The atmosphere-biosphere-lithosphere-hydrosphere-cryosphere assemblage is the most complex system we know about: anywhere in the Universe, and about the least understood.. And the short-term thinking, self-and-profit-obsessed fossil-carbon lobby are very good at finding reasons a. to not give a damn about it and b. opposing renewables.
But Nature has her own way of correcting things. My guess is that increased ocean temperatures will result in increased moisture in the atmosphere, increasing cloudiness on Earth, resulting in increased planet-reflectivity until it all cools sufficiently for the balance between incoming and outgoing (reflected) solar energy is restored. Of course, millions of us humans may die in the course of this process.
https://en.wikipedia.org/wiki/Storms_of_My_Grandchildren
And that process could take millions of years. For instance, while the melting of glaciers can occur in decades, it takes centuries to build up glaciers.
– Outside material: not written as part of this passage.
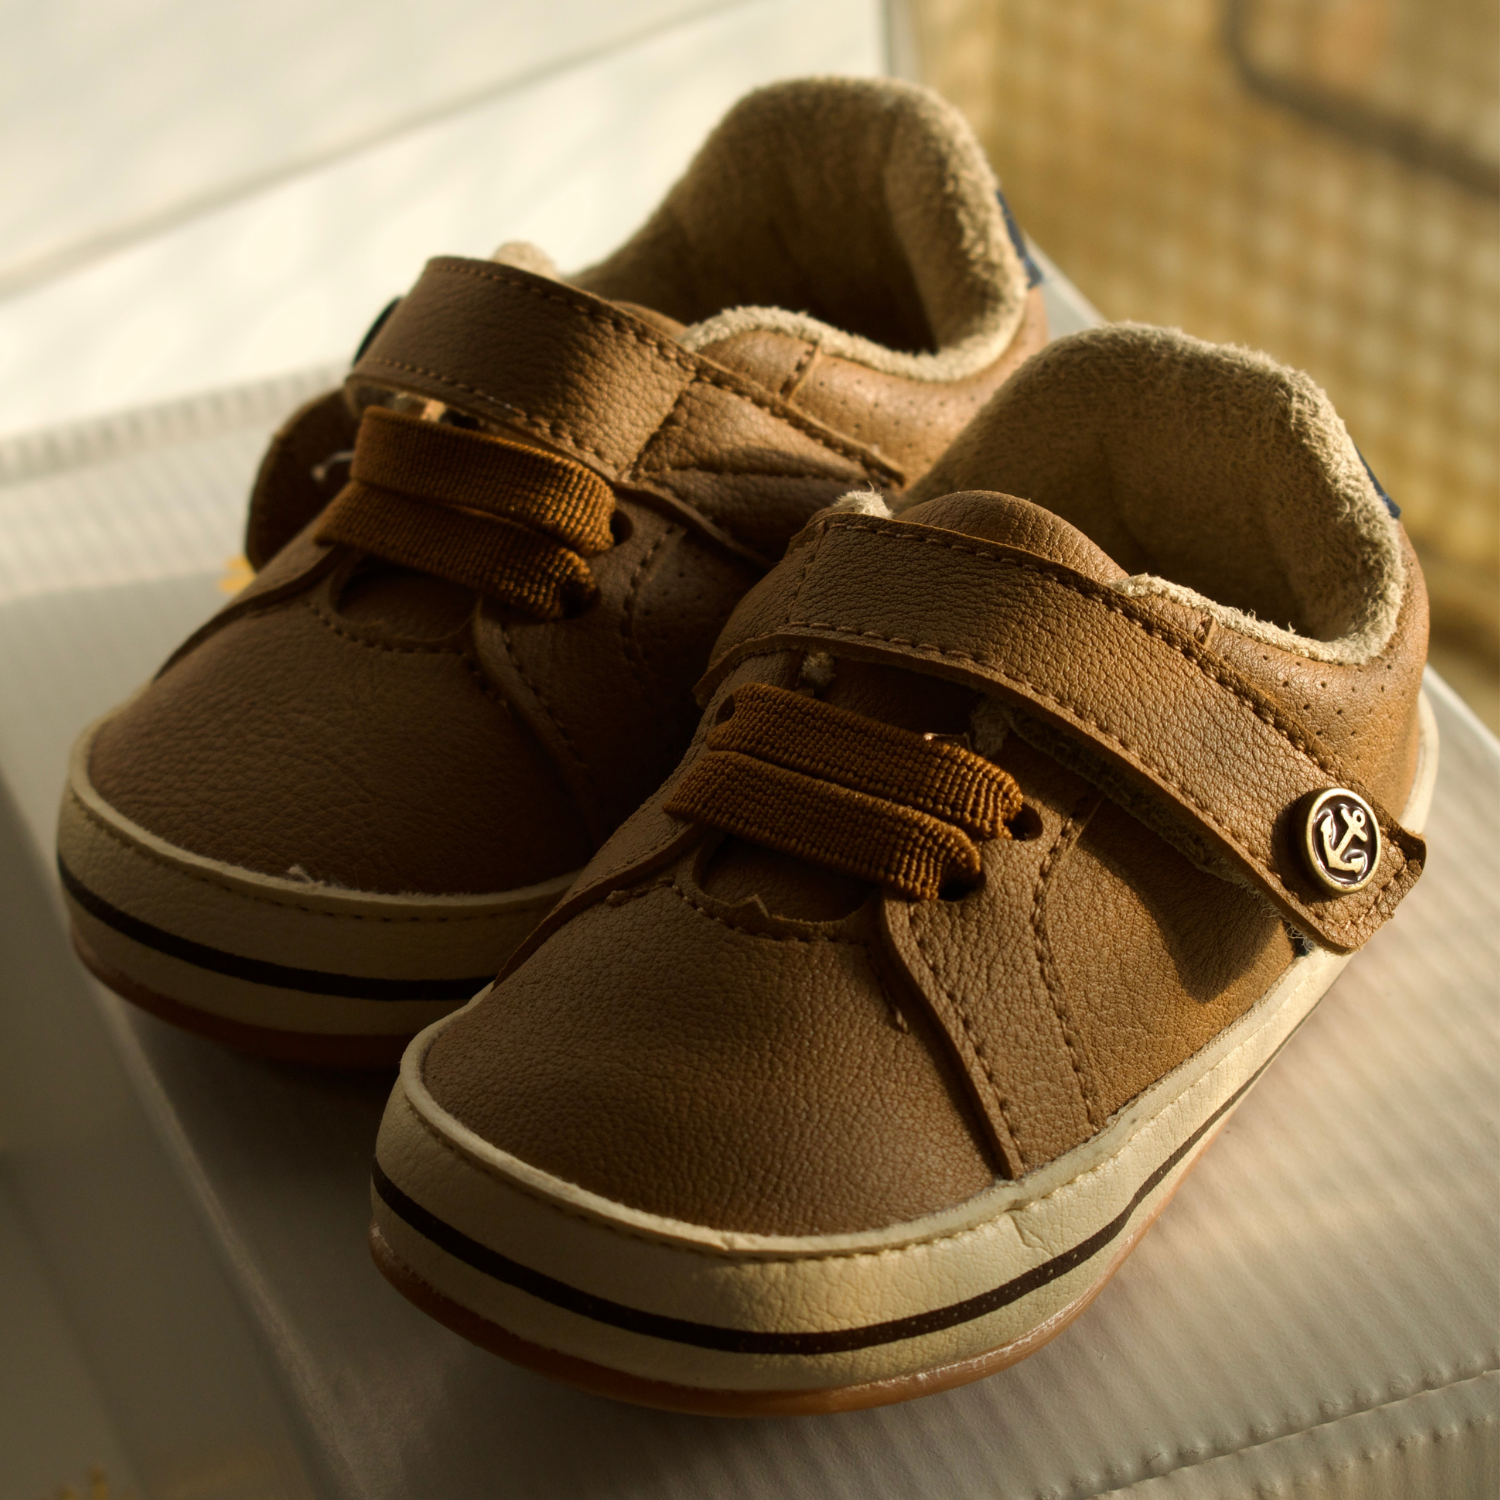 Baby Luca's Shoes

To paraphrase George Carlin, “the planet will be fine. The PEOPLE will be fucked. The Earth will shake us off like a case of fleas.”
Of course this would be much less bad if for the last several decades humanity had been replacing fossil fuels with nuclear for electricity generation, and shifting to electricity for many uses eg: electrify and expand the rail system, heat pumps for warming the insides of dwellings…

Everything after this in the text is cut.